The editor of a groundbreaking Channel 4 show claims the BFI has frozen him out of an upcoming season on multicultural television and is presenting a skewed vision of the programme.
Tariq Ali was part of the creative team that produced the global current affairs Bandung File for Channel 4 in the 1980s. The current affairs programme spotlighted everything from the realities of apartheid South Africa to the fallout from the publication of Salman Rushdie’s The Satanic Verses.
Ali said he was shocked to not be invited to participate in the BFI’s new season, Constructed, Told, Spoken: A Counter-History of Britain on TV, which has a dedicated evening where it will screen Bandung File episodes in March.
“They never contacted me,” he told the Guardian. “The first I saw was in the BFI programme that they had an evening of Bandung File stuff but the choices suggest that there doesn’t seem to be a knowledge of what the programme was.”
Ali, who wrote about his experiences on the show in his memoir released last year, said he wanted the programme to be presented correctly and placed in the right context.
He said: “The whole thing about Bandung File is that we did it in a way which unified the West Indian and South Asian communities, while looking outwardly as well; 50% of the viewers were white and 50% non-white, our philosophy was that white people also needed to be educated.”
The show, which took its name from the meeting in Indonesia held in 1955 between newly independent Asian and African states, was part of a wave of programmes made by, and primarily for, a black and south Asian audience.
Ali served as series editor alongside Darcus Howe, while the show was commissioned by Farrukh Dhondy, Channel 4’s editor for multicultural programmes. It ran from 1985 until its cancellation in 1989.
It was seen as a step change from previous multicultural shows on Channel 4, which were often magazine shows such as Eastern Eye and Black on Black, a chatshow hosted by the Selecter frontwoman Pauline Black.
Bandung File had a harder edge and was internationalist in scope, ushering in a new type of Channel 4 series such as Black Bag, which took on serious issues including the Cardiff Three scandal with an investigative rigour.
Ali said: “When I show Bandung File to students today the first question I’m asked is: ‘Was this actually on British television?’ They don’t believe it because of the output they see today. It shows what television can do if it’s sustained and properly supported.”
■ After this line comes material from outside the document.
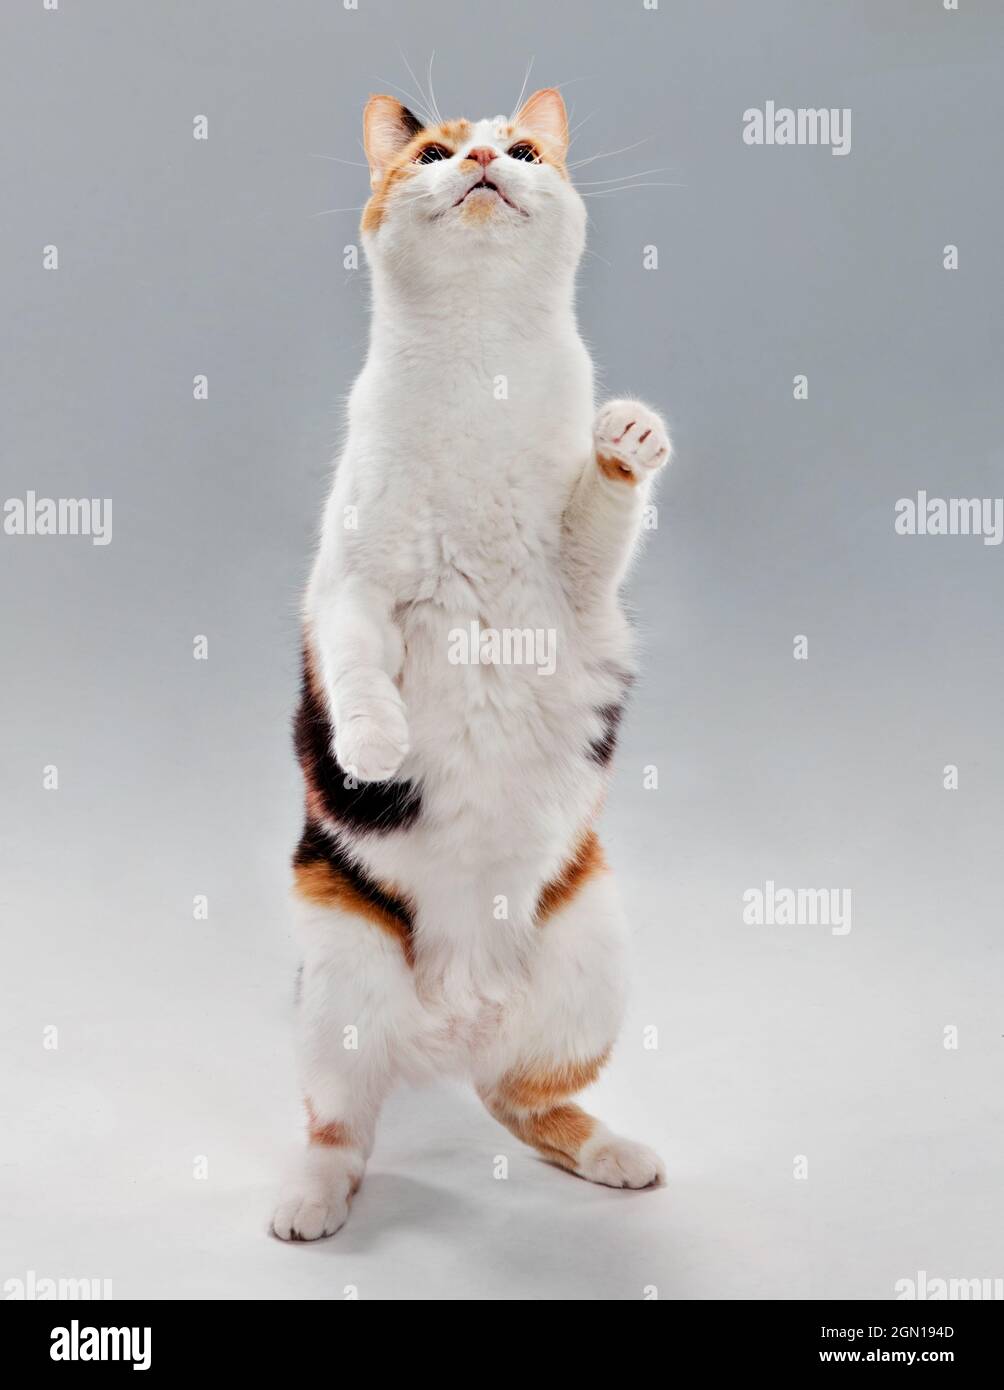 Studio ritratto di un gatto calico in piedi su due gambe sorridenti e guardando verso l'alto. Foto Stock

Bandung had several journalistic successes, including exposing a vote-rigging scheme in Roy Hattersley’s constituency of Sparkbrook, Birmingham, and uncovering the Greater London Council’s decision to fund a far-right Hindu political group. They also secured an interview with Rushdie amid the controversy over The Satanic Verses.
The current chair of the BBC, Samir Shah, also praised the programme for its coverage of the BCCI scandal, which he said “showed what that kind of journalism can achieve”.
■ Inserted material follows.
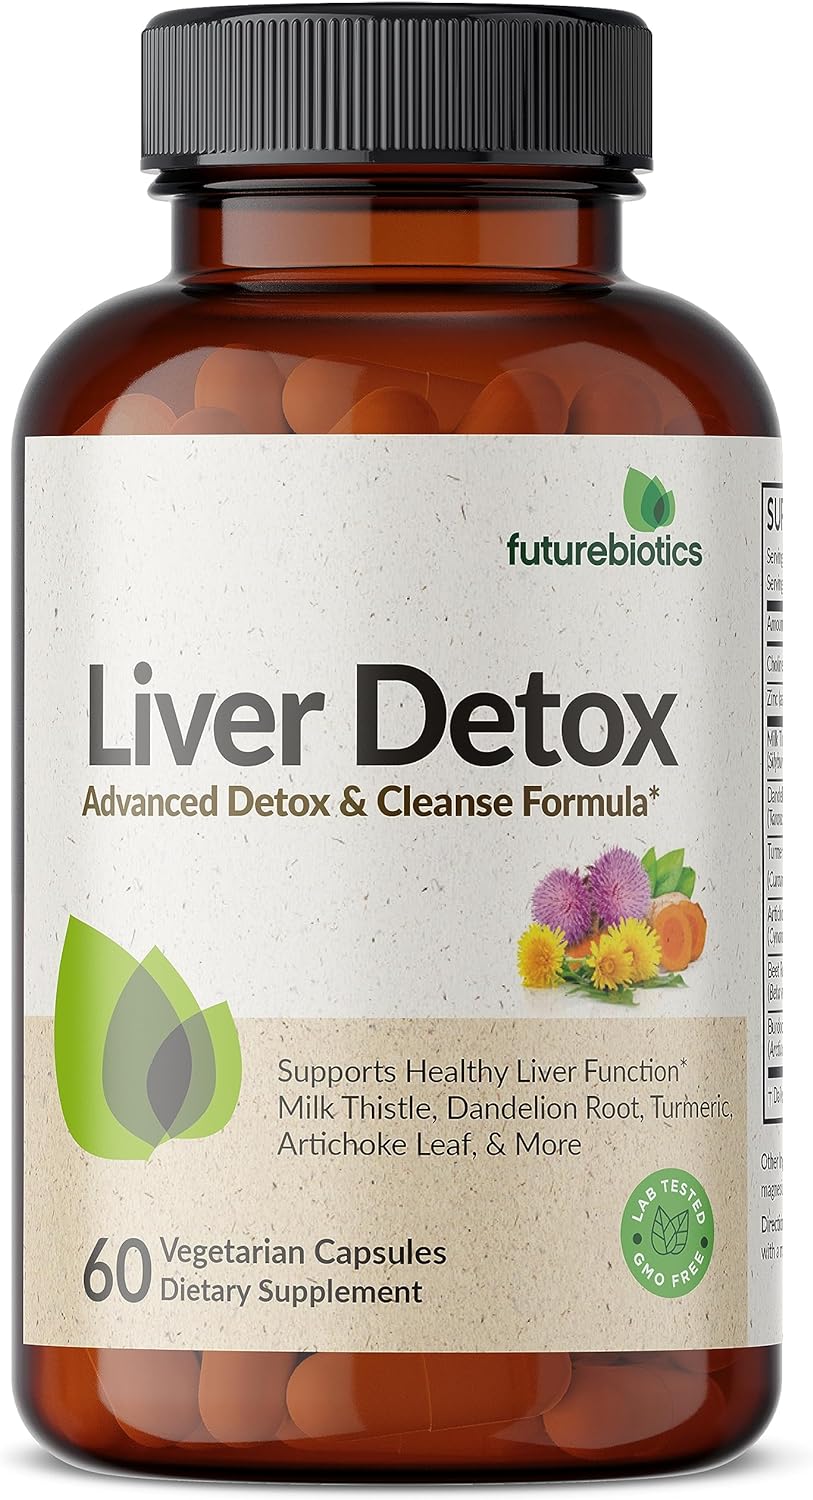 Futurebiotics Liver Detox Advanced Detox & Cleanse Formula Supports He

Ali said a programme such as Bandung File would never be commissioned or succeed now. “At the time South Africa was very big news and we had a clandestine network of film-makers in the country who would send us five to 10 minutes of footage, which we would show every week,” he said. “Do you think that today the government would permit us to show footage from Gaza? I don’t think so.”
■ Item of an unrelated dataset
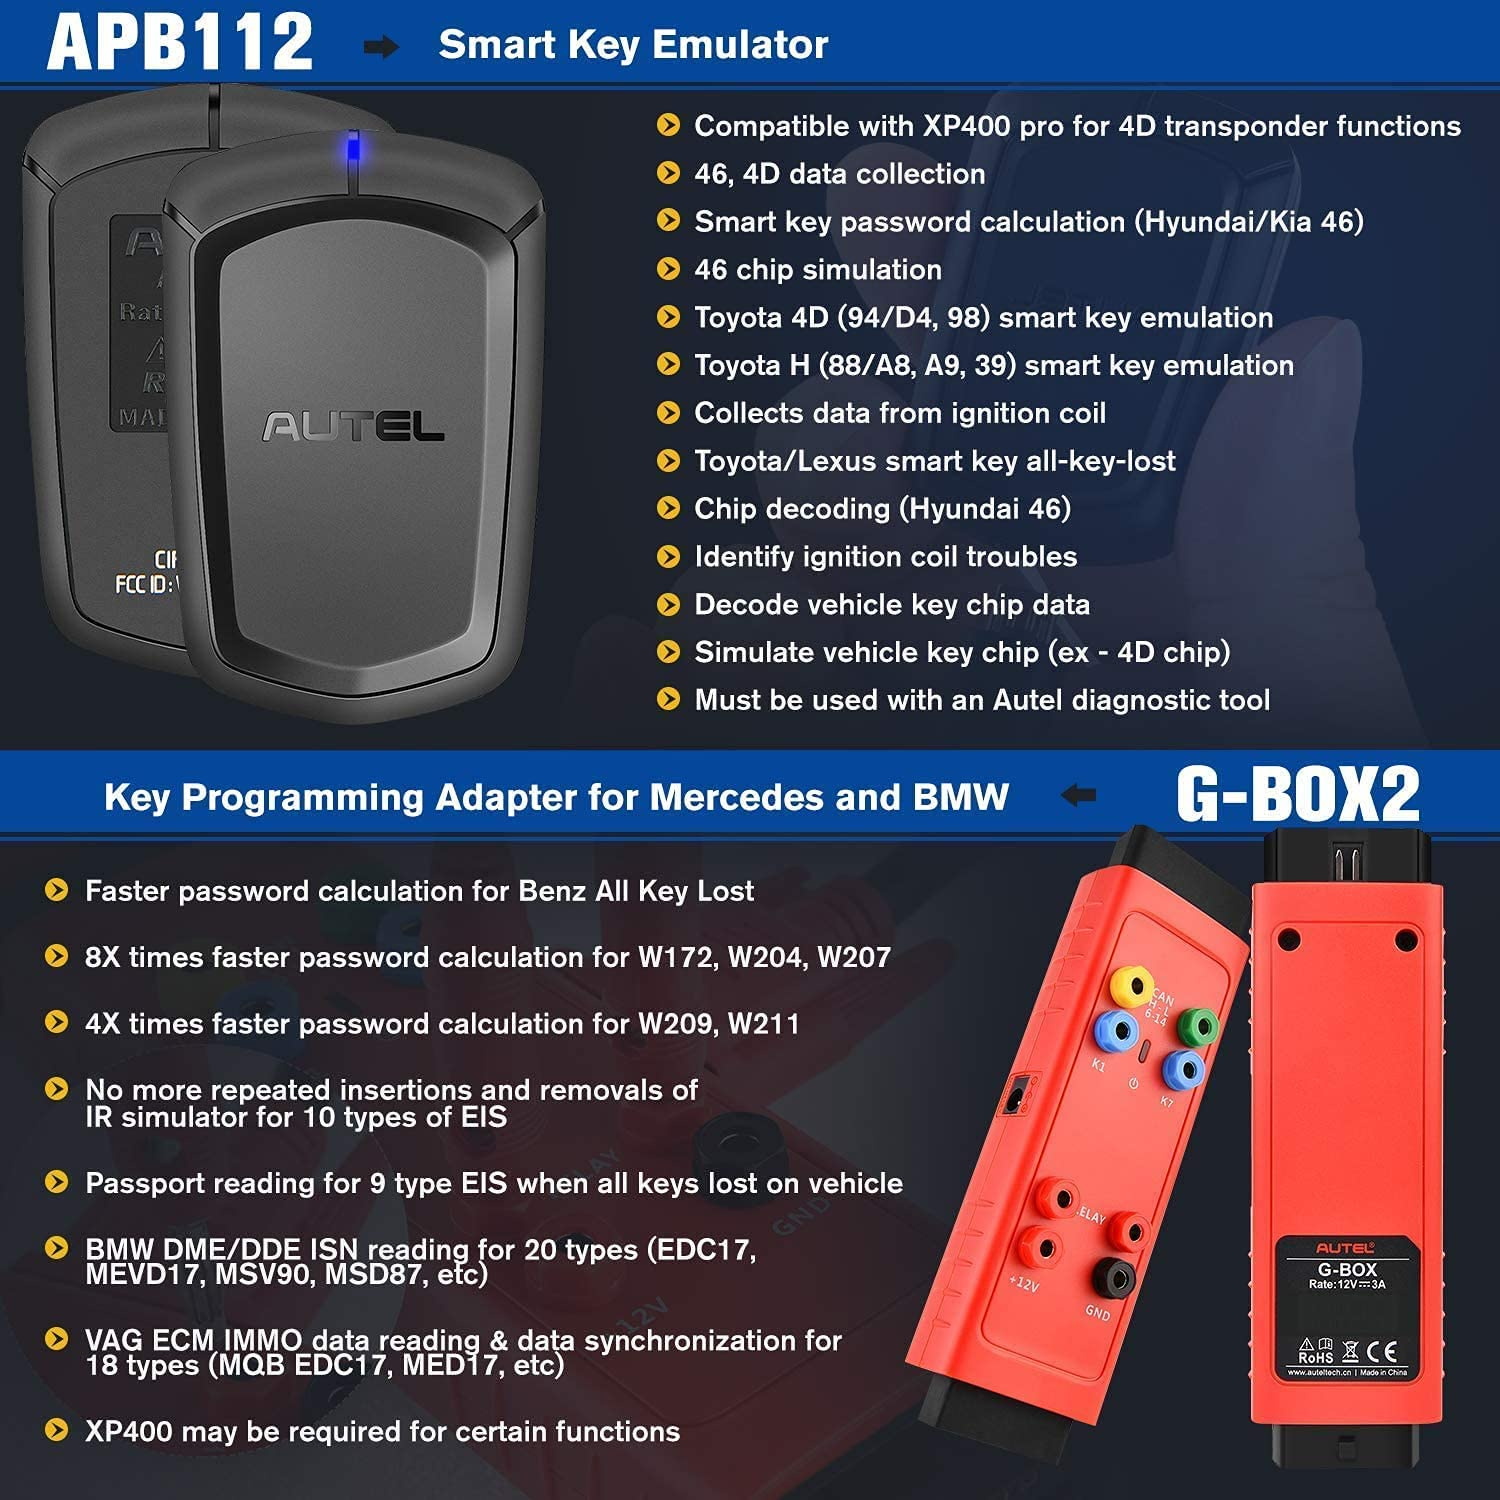 Autel IM608pro plus G-box2 and APB112

The programme itself might have been serious and considered but the team behind it had a sense of humour. After being cancelled they held a “funeral” for the show in Kentish Town with invites that read: “Bandung File, born 1985, died 1989; cause of death – execution … dress code: all black.”
A spokesperson for the BFI said: “We recognise how vital Tariq was in shaping Bandung File under his editorship with Darcus Howe. It was always our intention to include Tariq in the season and we hope to get him involved. The process of making contact with him has been delayed slightly due to sourcing his details, however it is not unusual for us to confirm guests once our brochure and season comms have been published, and we are in the process of confirming additional contextual contributors to events throughout this season.”
Constructed, Told, Spoken: A Counter-History of Britain on TV, looks at multicultural TV departments in the UK that emerged in the 1980s. It will run throughout February and March and includes screenings dedicated to the impact of Stuart Hall and the black gay television series of the 1980s.